GIVEN INFORMATION:
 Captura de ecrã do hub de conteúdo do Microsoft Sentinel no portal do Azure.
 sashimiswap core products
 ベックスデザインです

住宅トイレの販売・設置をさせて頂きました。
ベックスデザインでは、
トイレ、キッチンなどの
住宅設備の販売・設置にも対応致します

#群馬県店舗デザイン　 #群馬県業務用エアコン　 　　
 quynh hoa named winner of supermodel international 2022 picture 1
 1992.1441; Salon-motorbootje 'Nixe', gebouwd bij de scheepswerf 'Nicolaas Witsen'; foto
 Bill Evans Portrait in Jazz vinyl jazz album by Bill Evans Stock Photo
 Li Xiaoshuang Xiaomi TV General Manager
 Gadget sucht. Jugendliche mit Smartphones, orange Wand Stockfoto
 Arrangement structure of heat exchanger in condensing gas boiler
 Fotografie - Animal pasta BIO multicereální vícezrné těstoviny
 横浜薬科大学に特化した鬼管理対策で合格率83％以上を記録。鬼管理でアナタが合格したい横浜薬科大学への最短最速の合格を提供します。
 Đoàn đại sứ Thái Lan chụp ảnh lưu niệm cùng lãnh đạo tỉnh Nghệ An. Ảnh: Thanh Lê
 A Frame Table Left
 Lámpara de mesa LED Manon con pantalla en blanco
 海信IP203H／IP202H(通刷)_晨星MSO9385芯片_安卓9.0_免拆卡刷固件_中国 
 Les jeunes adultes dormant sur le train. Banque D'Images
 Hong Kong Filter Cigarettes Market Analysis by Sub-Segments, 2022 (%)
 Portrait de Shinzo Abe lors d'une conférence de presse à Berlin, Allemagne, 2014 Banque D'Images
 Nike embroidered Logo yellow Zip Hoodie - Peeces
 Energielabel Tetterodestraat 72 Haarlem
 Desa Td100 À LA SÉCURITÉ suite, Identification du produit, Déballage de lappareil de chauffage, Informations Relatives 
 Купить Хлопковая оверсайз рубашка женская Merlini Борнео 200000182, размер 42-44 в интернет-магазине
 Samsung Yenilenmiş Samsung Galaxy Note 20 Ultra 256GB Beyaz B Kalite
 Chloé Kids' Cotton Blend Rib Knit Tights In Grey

ACTIVITY: With both ends included, please retype exactly the lines from the line containing "Lámpara de mesa" to the final line of the data.

SOLUTION FOR THIS EXERCISE:
 Lámpara de mesa LED Manon con pantalla en blanco
 海信IP203H／IP202H(通刷)_晨星MSO9385芯片_安卓9.0_免拆卡刷固件_中国 
 Les jeunes adultes dormant sur le train. Banque D'Images
 Hong Kong Filter Cigarettes Market Analysis by Sub-Segments, 2022 (%)
 Portrait de Shinzo Abe lors d'une conférence de presse à Berlin, Allemagne, 2014 Banque D'Images
 Nike embroidered Logo yellow Zip Hoodie - Peeces
 Energielabel Tetterodestraat 72 Haarlem
 Desa Td100 À LA SÉCURITÉ suite, Identification du produit, Déballage de lappareil de chauffage, Informations Relatives 
 Купить Хлопковая оверсайз рубашка женская Merlini Борнео 200000182, размер 42-44 в интернет-магазине
 Samsung Yenilenmiş Samsung Galaxy Note 20 Ultra 256GB Beyaz B Kalite
 Chloé Kids' Cotton Blend Rib Knit Tights In Grey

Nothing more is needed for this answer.